Return the run of lines below that opens with the line containing "Mia Anstine Receives WOMA Founder's Award" and closes with the line containing "LEGO Architecture Brandenburg", keeping each one exact.

**Input material:**
..........

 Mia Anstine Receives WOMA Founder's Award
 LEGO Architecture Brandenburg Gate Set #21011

..........

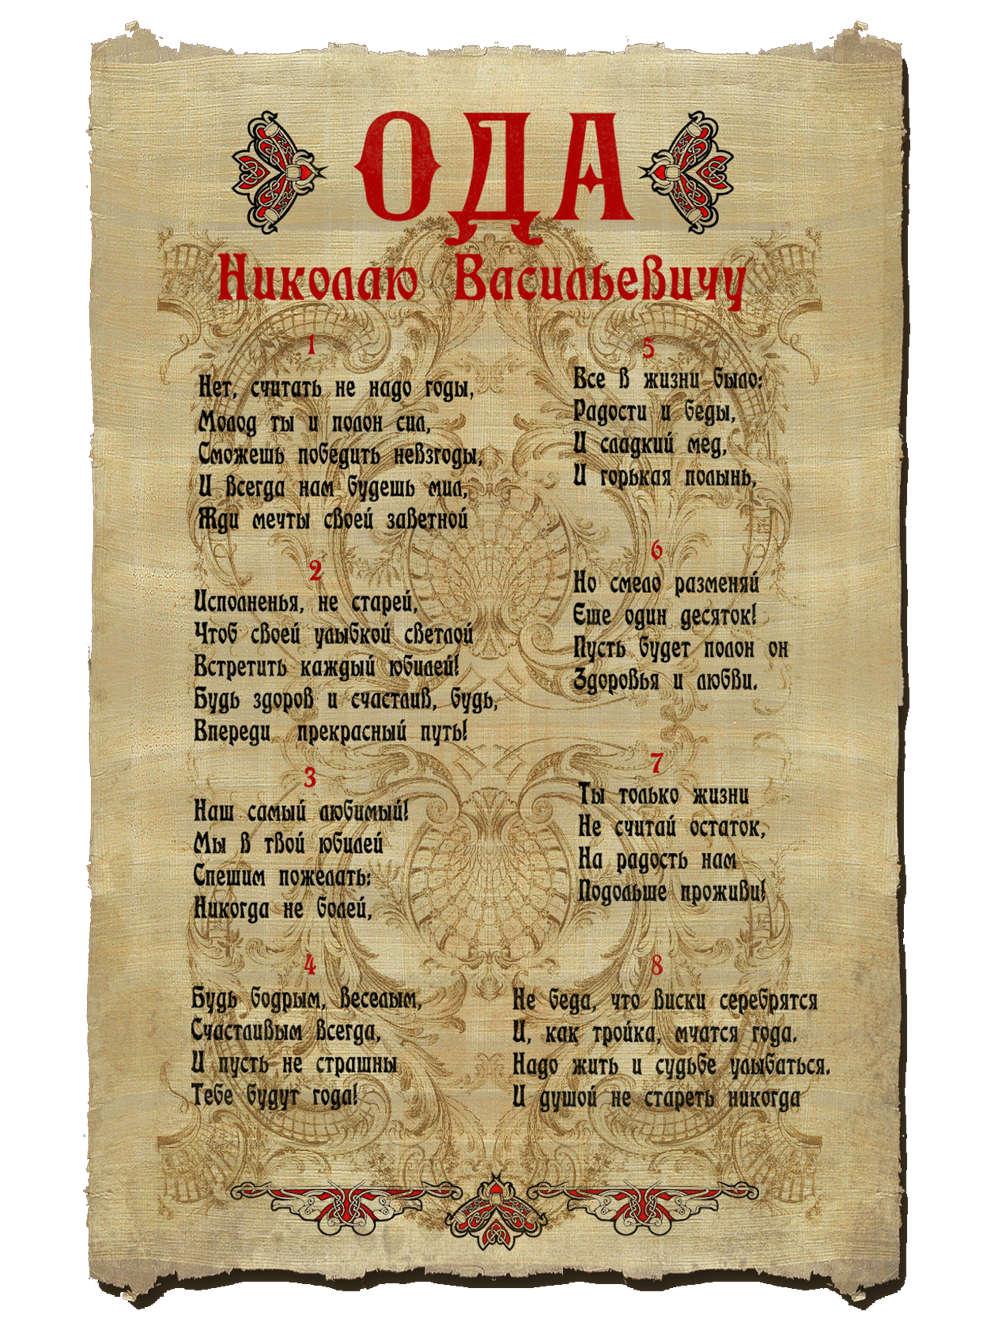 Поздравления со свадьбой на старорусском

..........

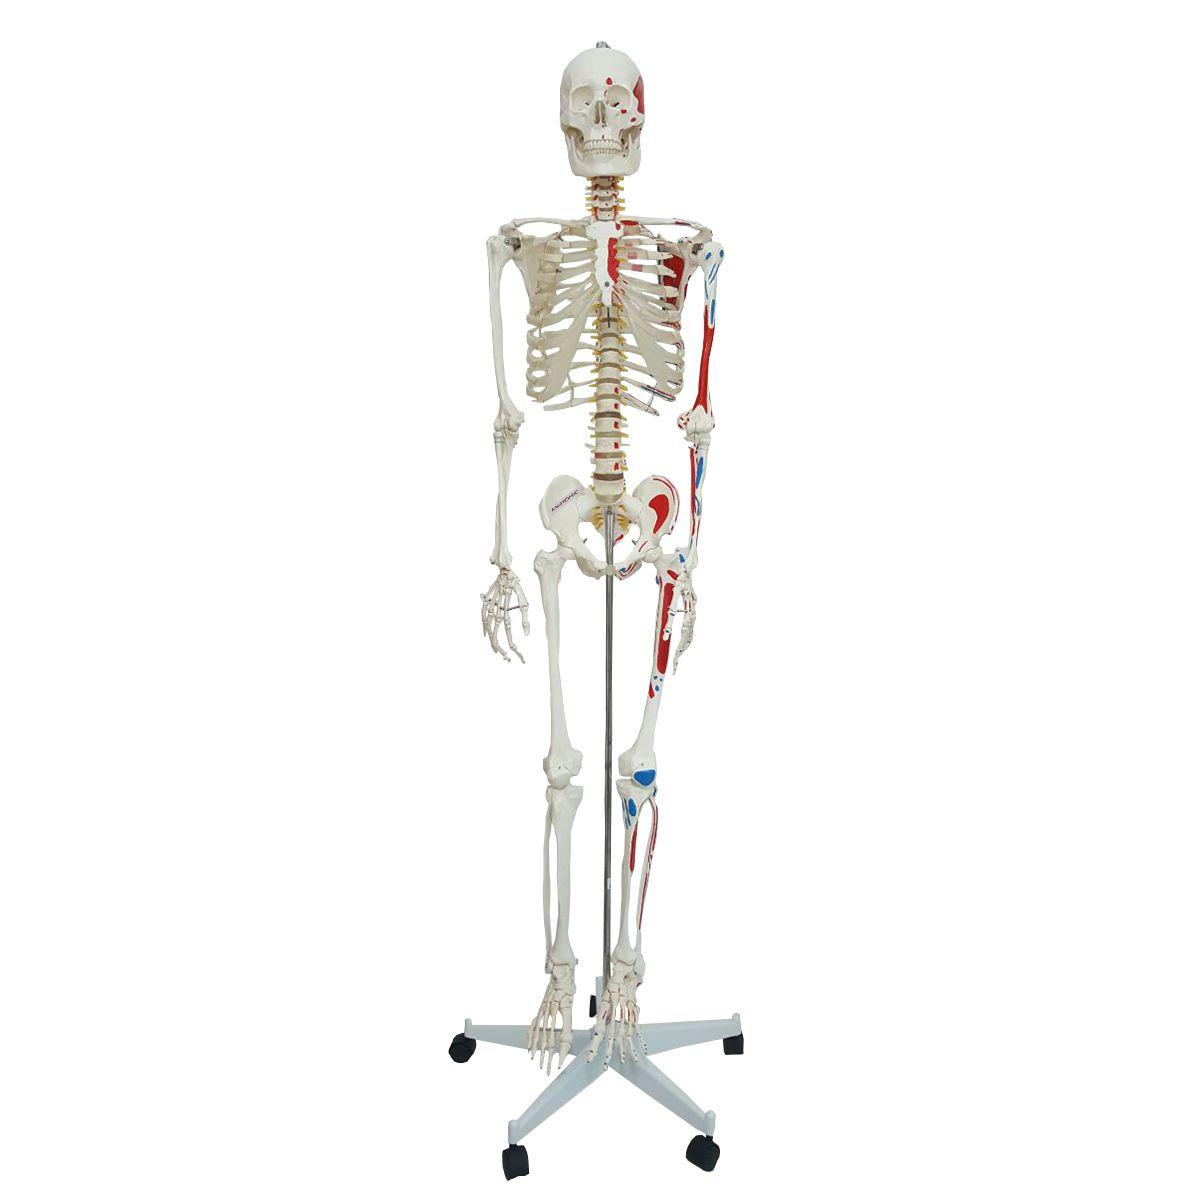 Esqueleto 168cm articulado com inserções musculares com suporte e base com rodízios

..........

**Answer for this exercise:**
 Mia Anstine Receives WOMA Founder's Award
 LEGO Architecture Brandenburg Gate Set #21011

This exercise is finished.